My Weekly Dose of Wild (2015): capturing the micro world of webs, wings & woolies


15.06.17

Photography.  It's an amazing way to connect to nature.  It can allow you to immerse yourself in your surroundings.  It can help you see the details and get up close and personal.  It can also help you with identification (after the fact).  It gets you down and "in" the action and challenges you to think like your subject.  How fast is that bird?  Where will that insect jump to?  What is that rabbit moving towards?  Or it can be pictures of an inanimate object, the effects of the sun, wind and rain... It's just such a fun way to document your outdoor adventures.

I stumbled into nature photography by accident.  I started taking photos of plants for my job, documenting the month plants flowered and snapping pictures of new plants that could be added to the Grandmaitre nature reserve list.  Last year, I started taking photos for a personal project - collecting images of my favorite urban nature locations.  As I continued to take pictures of nature spots and plants (which are close to my heart) I noticed that neat insects were "guest starring" in my collection.  And now I'm even taking opportunities to photograph insects when they are not appearing on flora!

There is a whole micro world buzzing and munching and weaving just under our radar and I only notice it when I stop for a bit and look closely.  The web of life is so intricate.  A naturalized flower (that is seen as a weed by many) can actually be an important ecological link.  That milkweed supports more than just monarchs.  The simple Bladder Campion and Daisy Fleabane offers up pollen and nectar to insects that I can't even name!  (And this month I saw so many mama spiders moving egg sacs as I weeded gardens for my landscaping job.)  Getting out a camera slows my high-speed life down and allows me to refocus on the incredible details found outside.  It's made me see everything from a different perspective and highlights that we're all connected in more ways than I've ever imagined.

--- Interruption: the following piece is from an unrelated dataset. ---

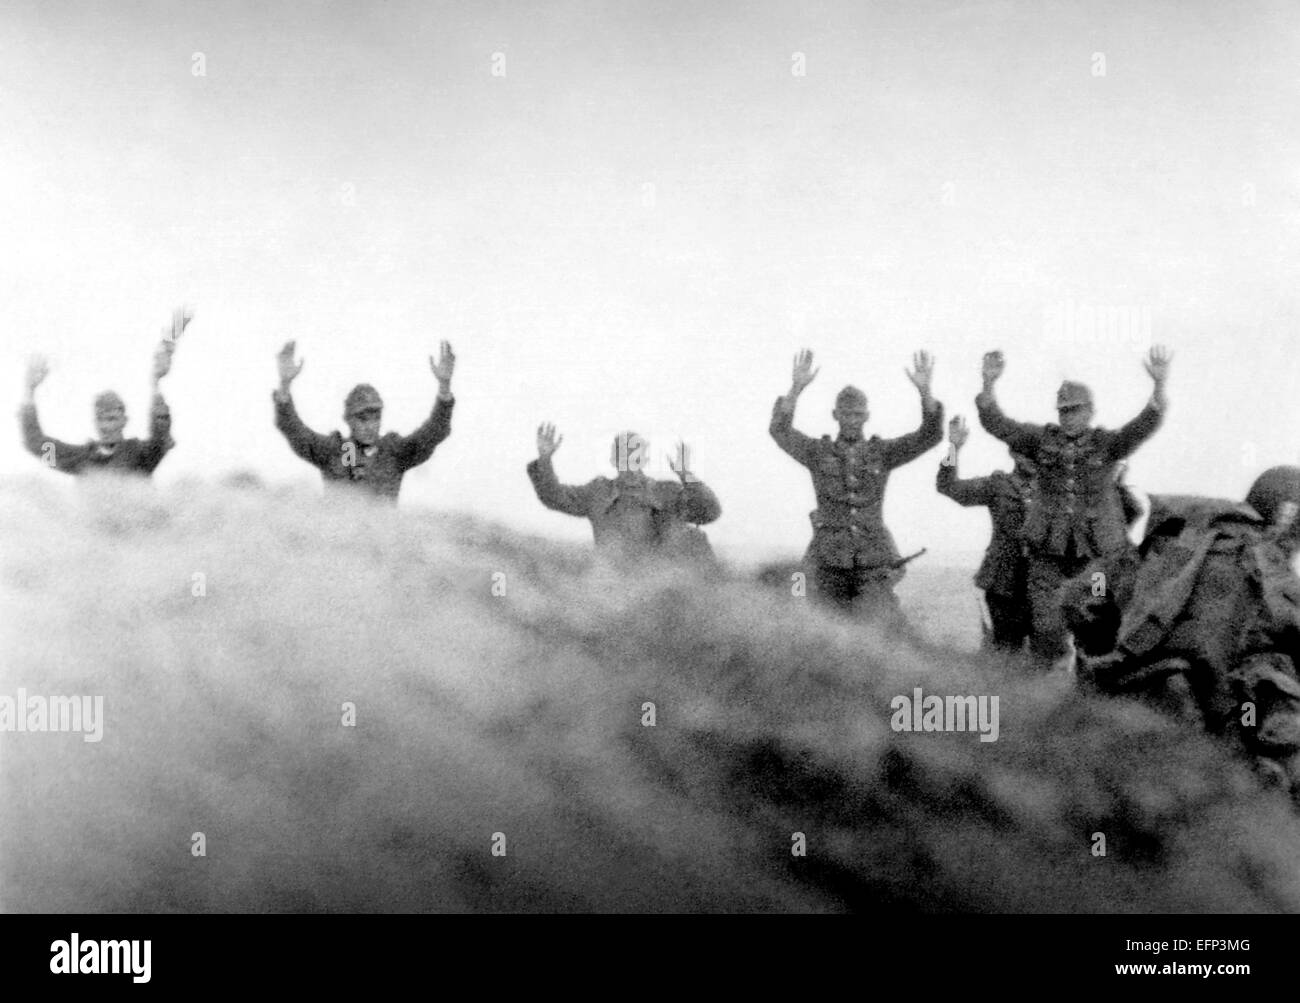 Les soldats allemands mettent leurs mains en l'air en abandon de troupes alliées durant la bataille de Normandie le 9 juin 1944 dans le secteur de Taret Ravenoville, France. Banque D'Images

This is what photography is for me right now.  But photography can be so many things - not just plants or insects!  There is so much to photograph in nature.

For those who want to add to their "life list" - getting out with a camera can augment the birding experience.  Or you can take a picture of a single object - as in the example of "That Tree" project ( a year long photography project of photographing a Burr Oak).  You don't even have to have a fancy camera!  Sunsets are a favorite subject of some including Nancy in Ottawa and documenting a ravine walk was a weekly and sometimes daily account for Jane Flanagan last fall in Toronto.

Photography can be a creative, meditative and challenging hobby.  And it can get you outside!